VARİS SICAK HAVAYI SEVMEZ, FAKAT TEDAVİ İÇİN MEVSİM SEÇMEYE LÜZUM YOK
Prof. Dr. Cengiz Köksal, özellikle sıcak dönemlerde bol su tüketiminin ve uygun saatlerde yapılacak yürüyüşün, şikayetlerin artmaması adına önemli olduğunu vurguladı ve şunları söyledi: “Sıcak hava vücutta toplardamarlarda genişleme yapar. Artan ısıya karşı vücudun bir savunma sistemi olan toplardamarlarda genişleme, sıcak havalarda varis hastalarının şikâyetlerinin artmasına neden olur. Özellikle ayak bileklerinde şişme, zonklama tarzı ağrı ve kaşıntı şikayetleri de artış gösterir. Bu gibi dönemlerde sıklıkla doktorların önerisi, fazla ayakta durmamak ve mümkünse varis çorabı giymektir ancak bu önerilerin yaz aylarında pek gerçekçi olmadığı kesin.
Tatilde fazla ayakta kalmamak ve sıcakta varis çorabı giymek çoğu zaman mümkün olamaz. Bu nedenle yaz aylarında varis hastaları için gerçekçi önerilerimiz, bol su içmek ve gün içinde aşırı sıcakta kalmamak, özellikle sıcaklığın en fazla olduğu saatlerde yani 11.00-15.00 arası serin bir yerde durmaktır. Diğer önemli yapılması gereken ise asla hareketsiz kalmamak ve bol bol yürümek, yüzmektir. Yürüyerek hem varis şikâyetlerinin artmasına engel olabilir hem de aşırı kilolarınızdan kurtulursunuz, zira kilolu olmak varis hastalığının en önemli risk faktörleri arasındadır. Güneş yanıkları varis hastaları için ciddi sağlık sorunu oluşturabilir, güneşlenmek için mutlaka uygun bir güneş koruyucu kremin kullanılması gerekir.”

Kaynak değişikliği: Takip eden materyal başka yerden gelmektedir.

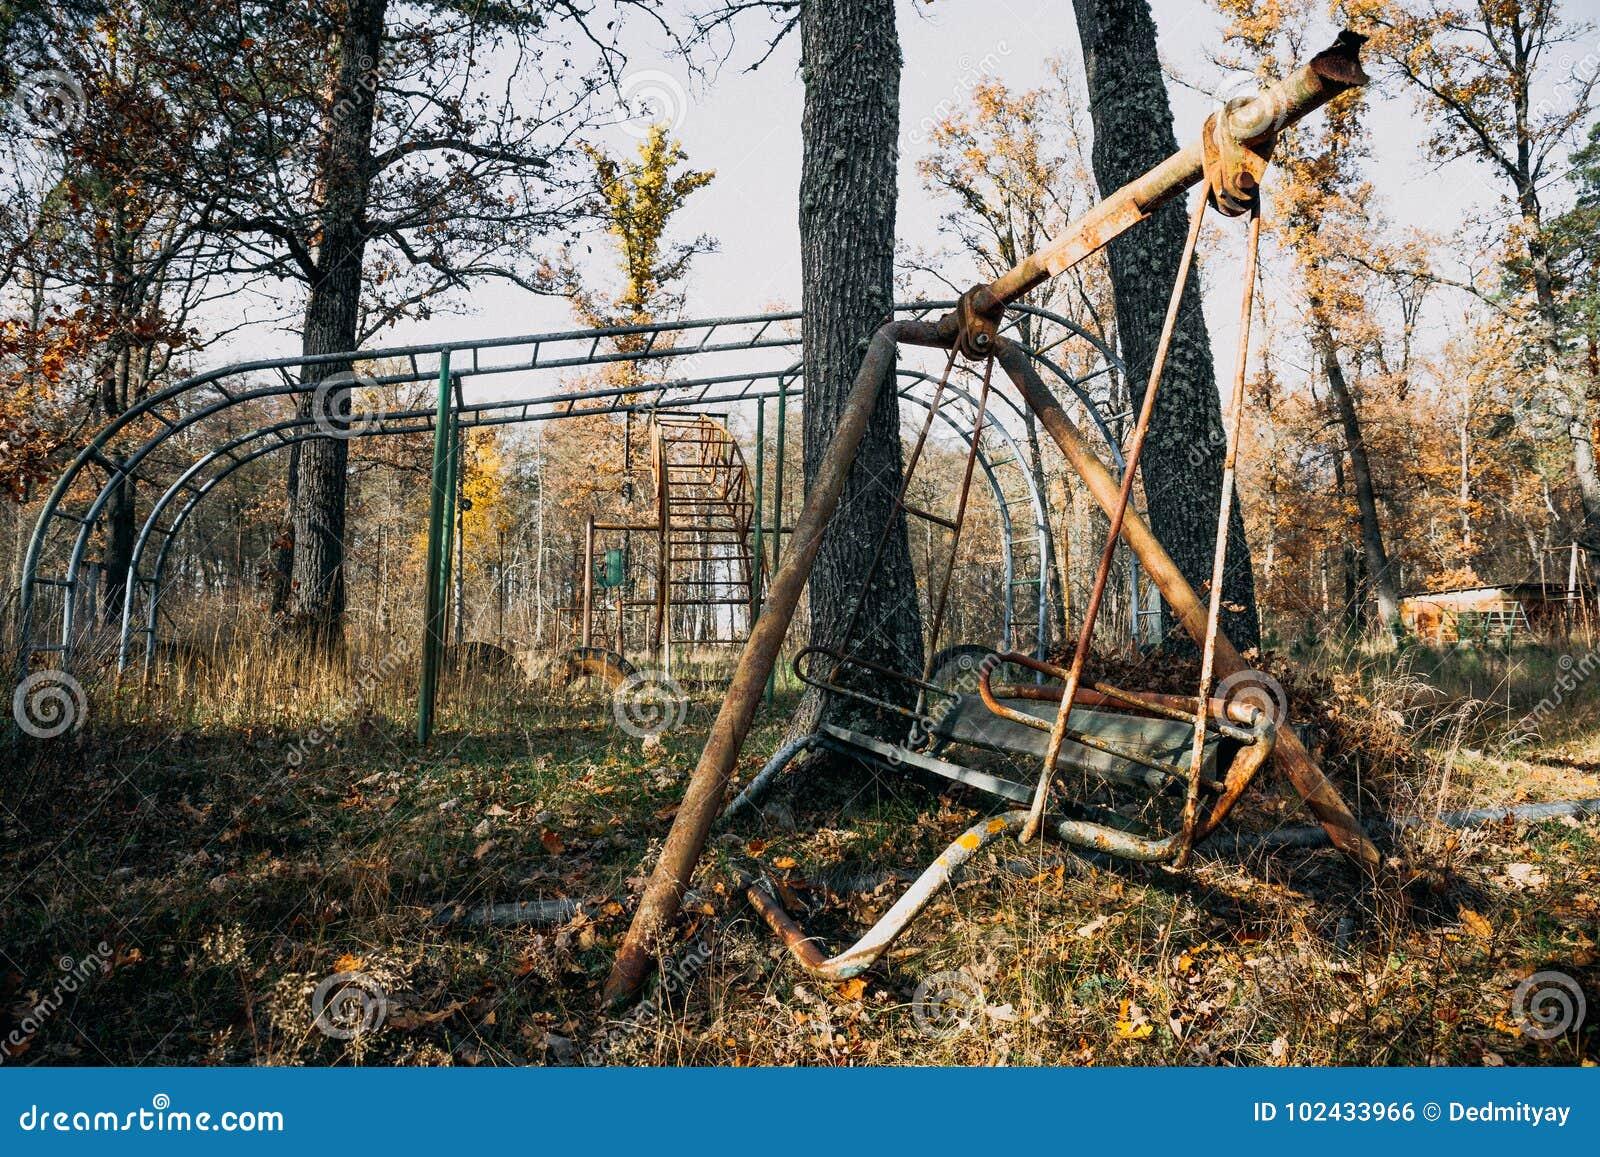 Creepy Abandoned Children Playground Among Autumn Trees Rusty Swing Stock Photo Image Of Exercise Game 102433966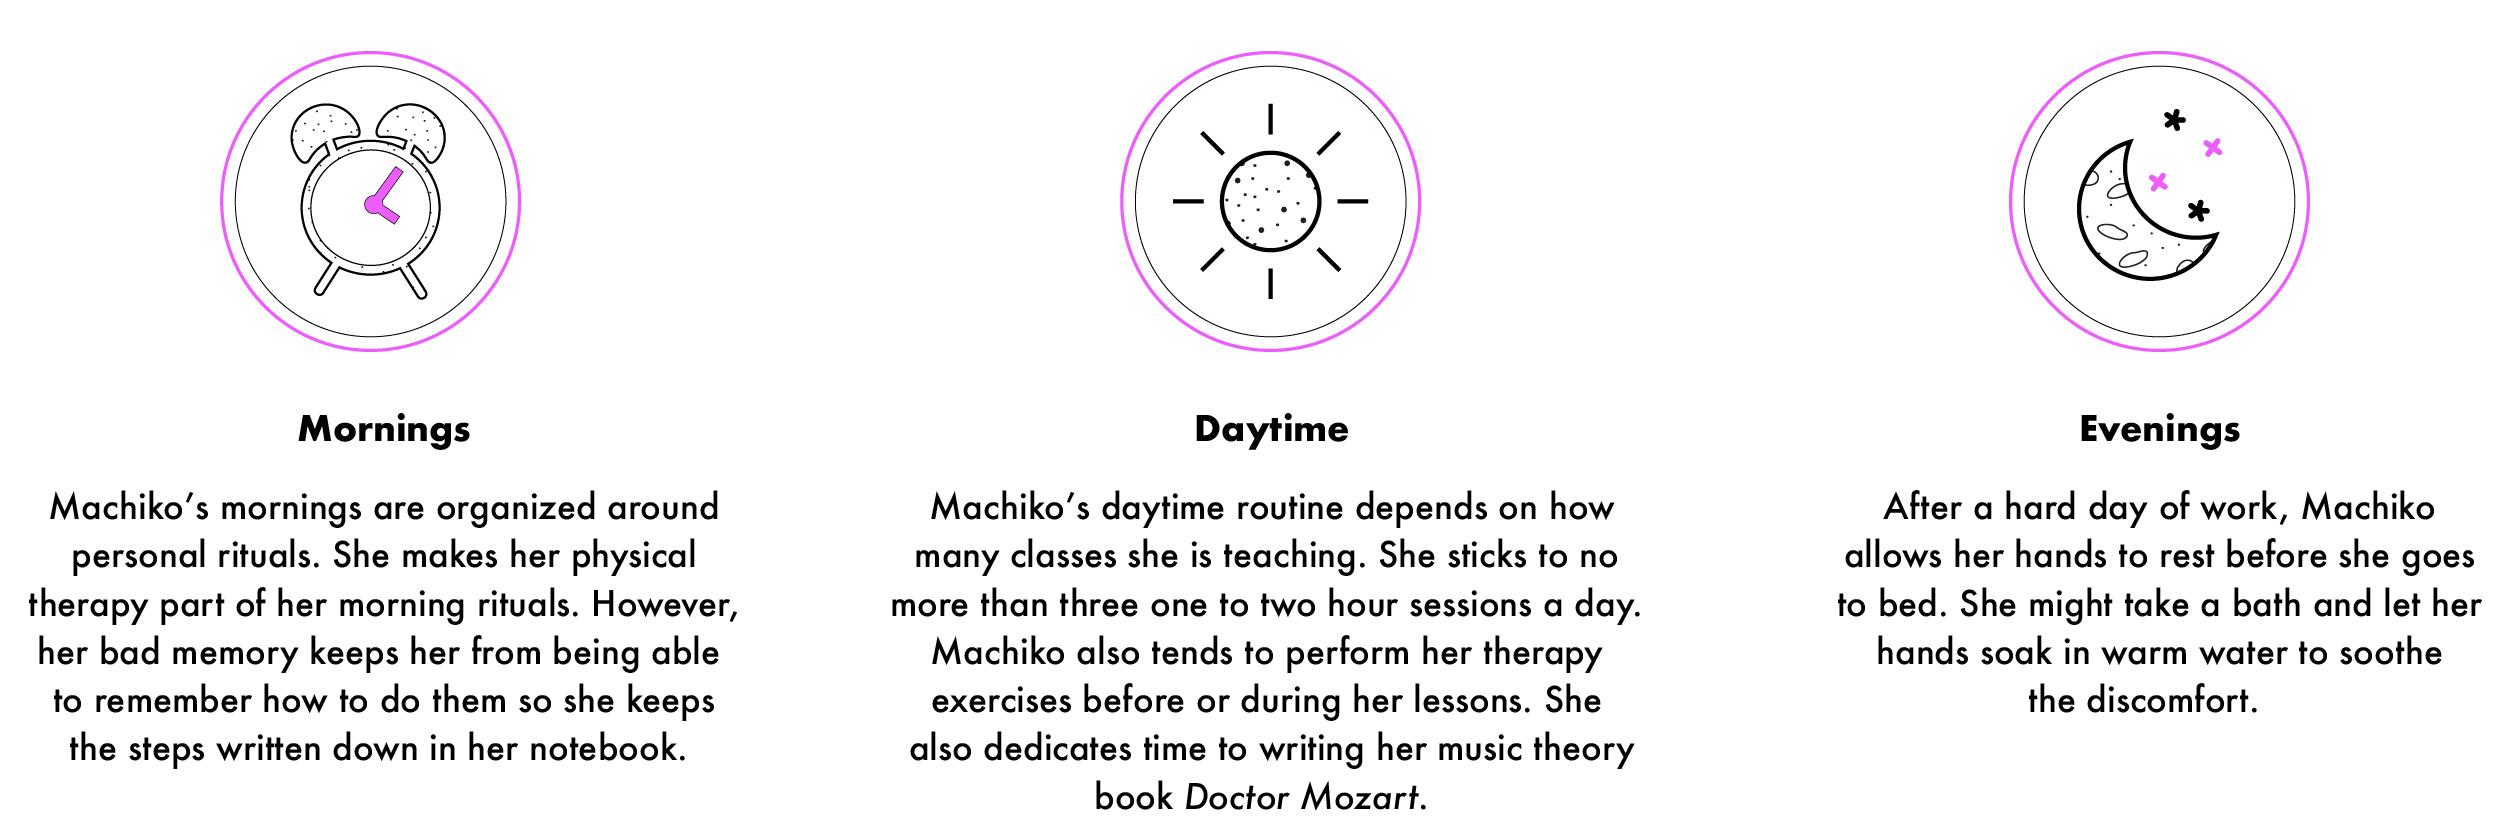 Daily Routine-02.jpg

BESLENME GÖZ ARDI EDİLMEMELİ
Kan dolaşımı ve beslenme ilişkisinin varis açısından da önemli olduğunu belirten Prof. Dr. Köksal, “Yaz aylarında serinletici etkisi sebebiyle tercih edilen dondurmanın yerine meyve koymak oldukça önemlidir. Kavun, karpuz, çilek gibi meyveler c vitamini, faydalı mineraller ve bol su içerir. Meyve yiyerek hem vücudun ihtiyacı olan suyu alır, hem de içeriğindeki vitamin ve mineraller sayesinde kan dolaşımı desteklenmesiyle varis şikâyetlerinde azalma görülebilir” ifadesini kullandı.
TEKNOLOJİ SAYESİNDE KORKUYA YER YOK!
Prof. Dr. Cengiz Köksal hastalarından konuyla ilgili sıklıkla ‘Varis yazın tedavi edilir mi?’, ‘Sonbaharı beklemek daha iyi olmaz mı?’ gibi sorular aldığını belirterek sözlerini şöyle noktaladı: “Esasında hastalarımızın korkusu, müdahale sonrası yaşanabilecek sorunlar ve varis çorabı giymektir. 21. yüzyılda teknolojinin bu kadar ilerlediği bir zamanda bu korkuların yersiz olduğunu belirtmek isterim. Endovenöz dediğimiz ve ameliyatsız tedavi yöntemleri ile varis tedavisi hem çok kısa sürede hem de hastaların aynı gün taburcu olarak günlük yaşamlarına devam edeceği konforda mümkün olabiliyor.”